[WHAT TO PRODUCE] The copy should hold exactly the lines below from the one that contains "Alka-Seltzer Lemon Lime" through the one that contains "Oft stimmt bei" and nothing else, so no pictures.

[TASK INPUT]

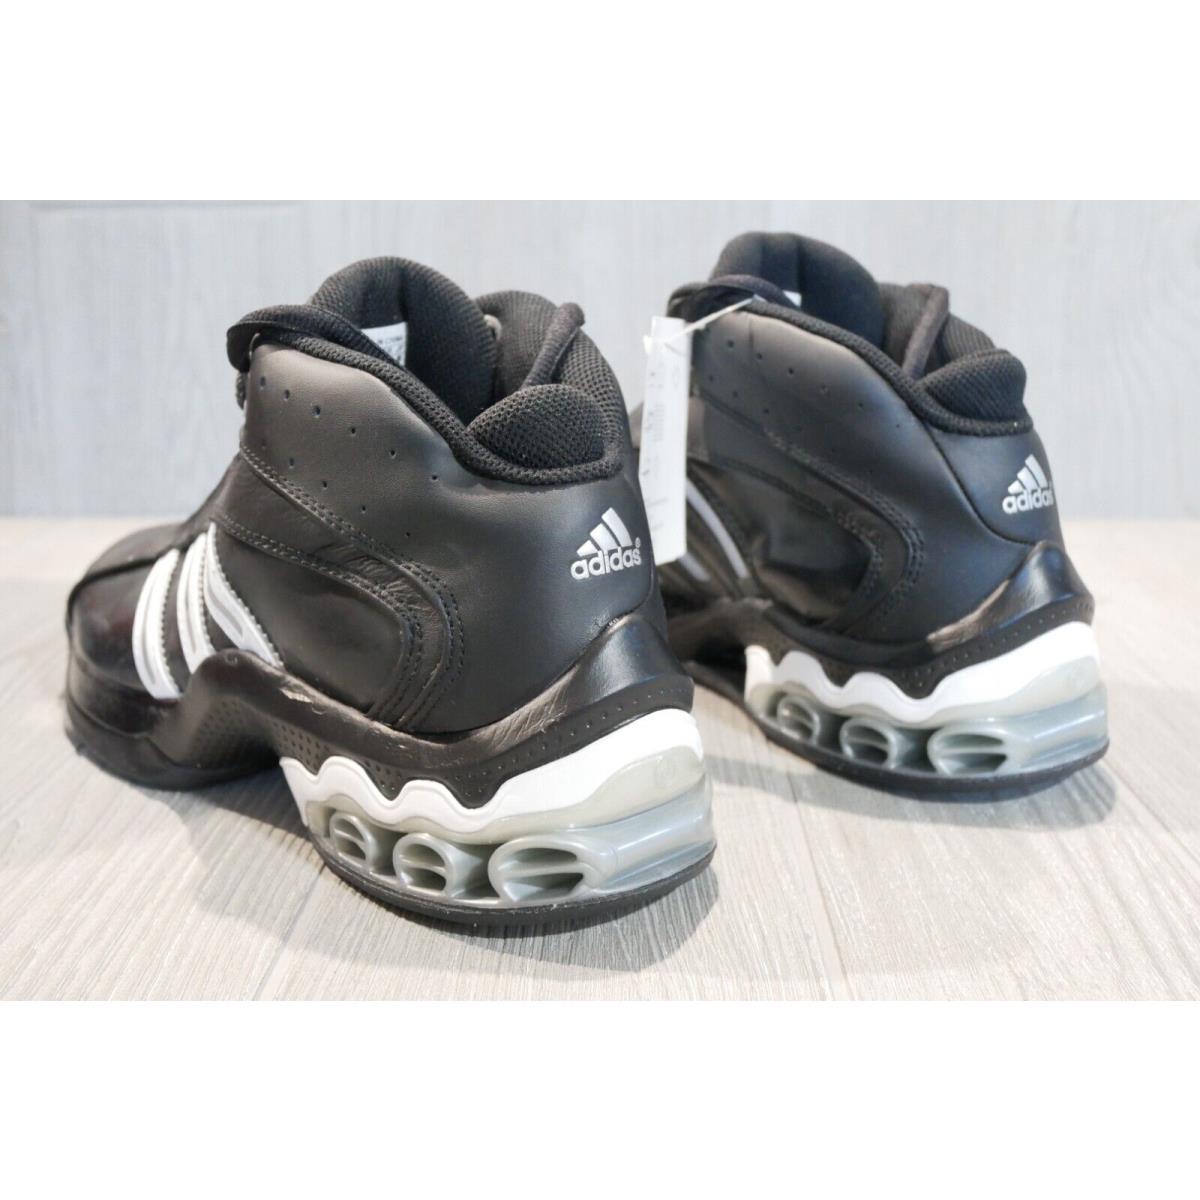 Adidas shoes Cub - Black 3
--
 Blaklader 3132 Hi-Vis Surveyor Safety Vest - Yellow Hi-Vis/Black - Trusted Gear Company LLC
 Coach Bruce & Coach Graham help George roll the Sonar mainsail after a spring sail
...
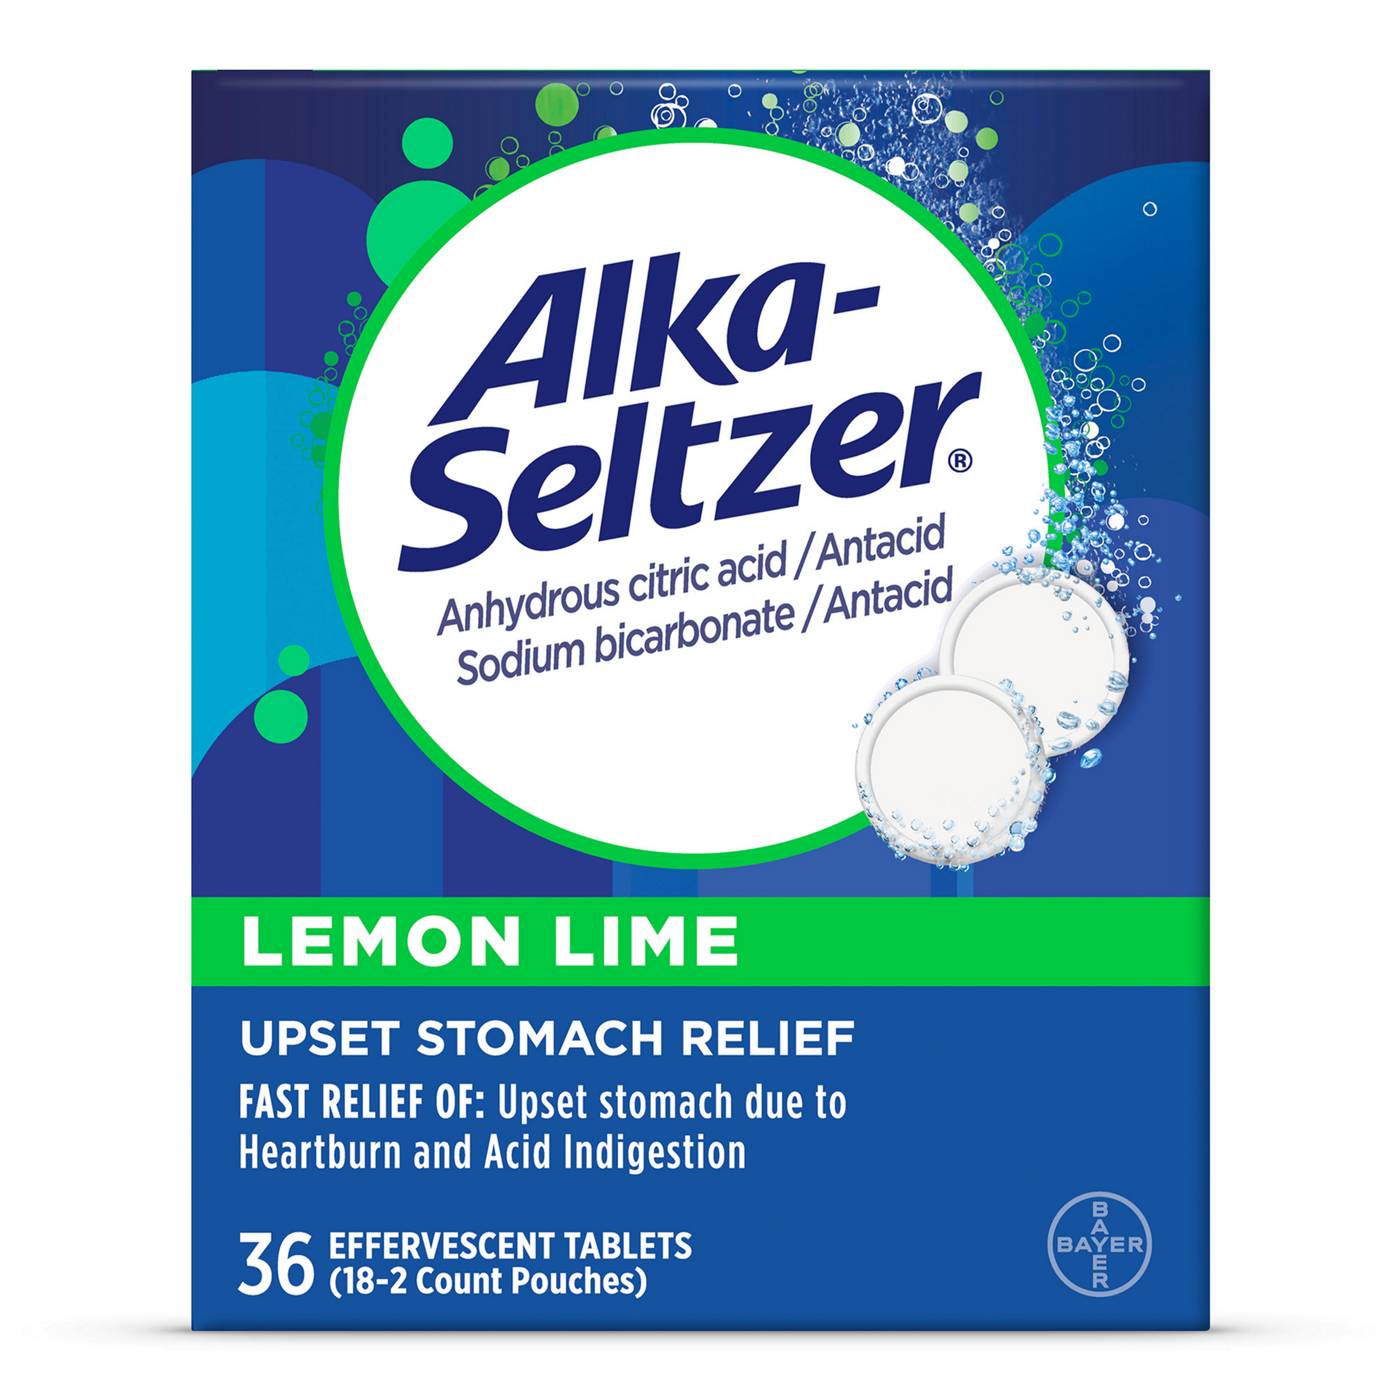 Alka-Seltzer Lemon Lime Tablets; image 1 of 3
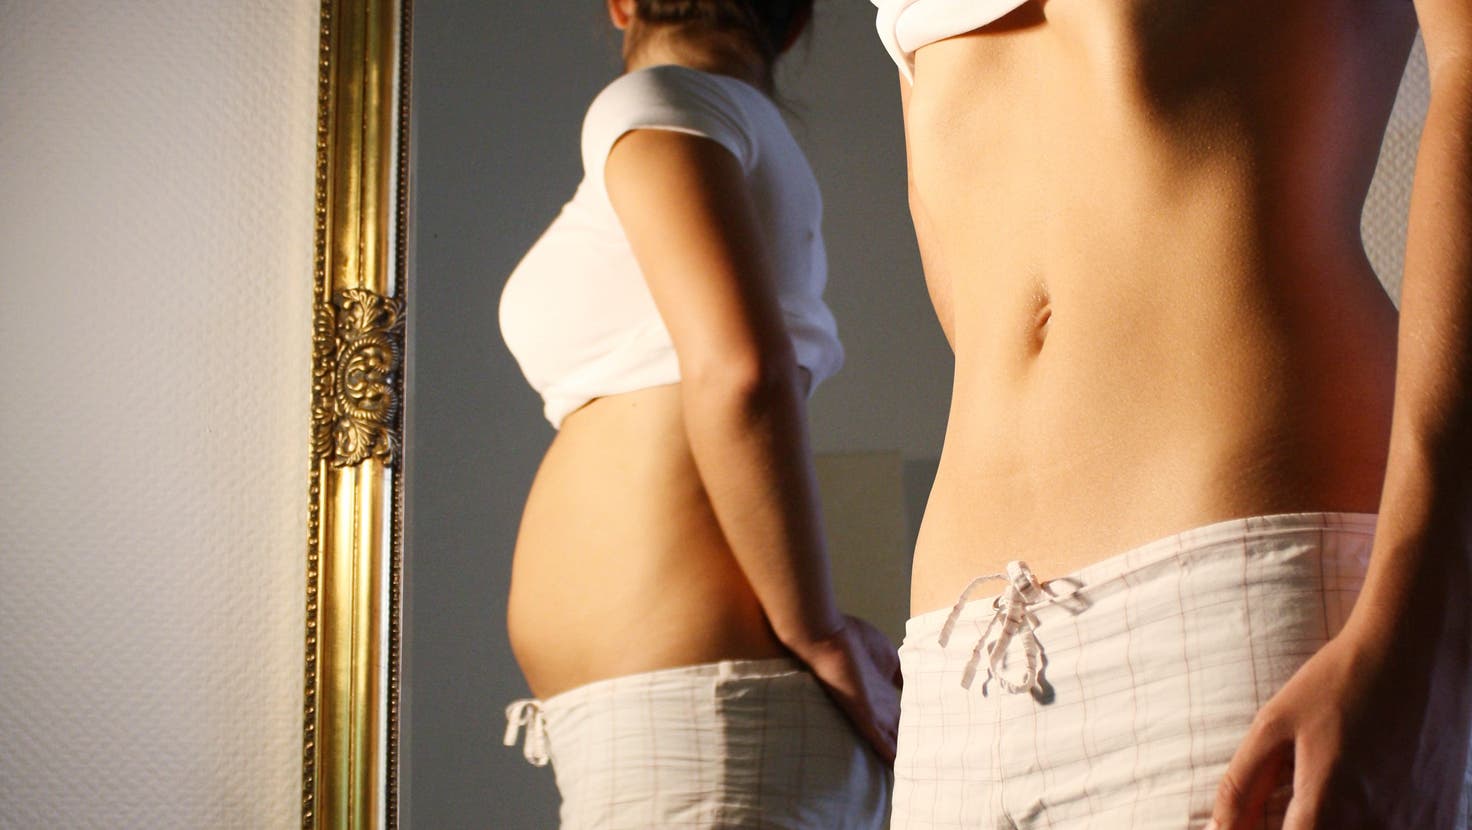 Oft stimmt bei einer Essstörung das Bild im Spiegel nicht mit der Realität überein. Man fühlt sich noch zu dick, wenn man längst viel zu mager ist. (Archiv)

[EXERCISE SOLUTION]
 Alka-Seltzer Lemon Lime Tablets; image 1 of 3
 Oft stimmt bei einer Essstörung das Bild im Spiegel nicht mit der Realität überein. Man fühlt sich noch zu dick, wenn man längst viel zu mager ist. (Archiv)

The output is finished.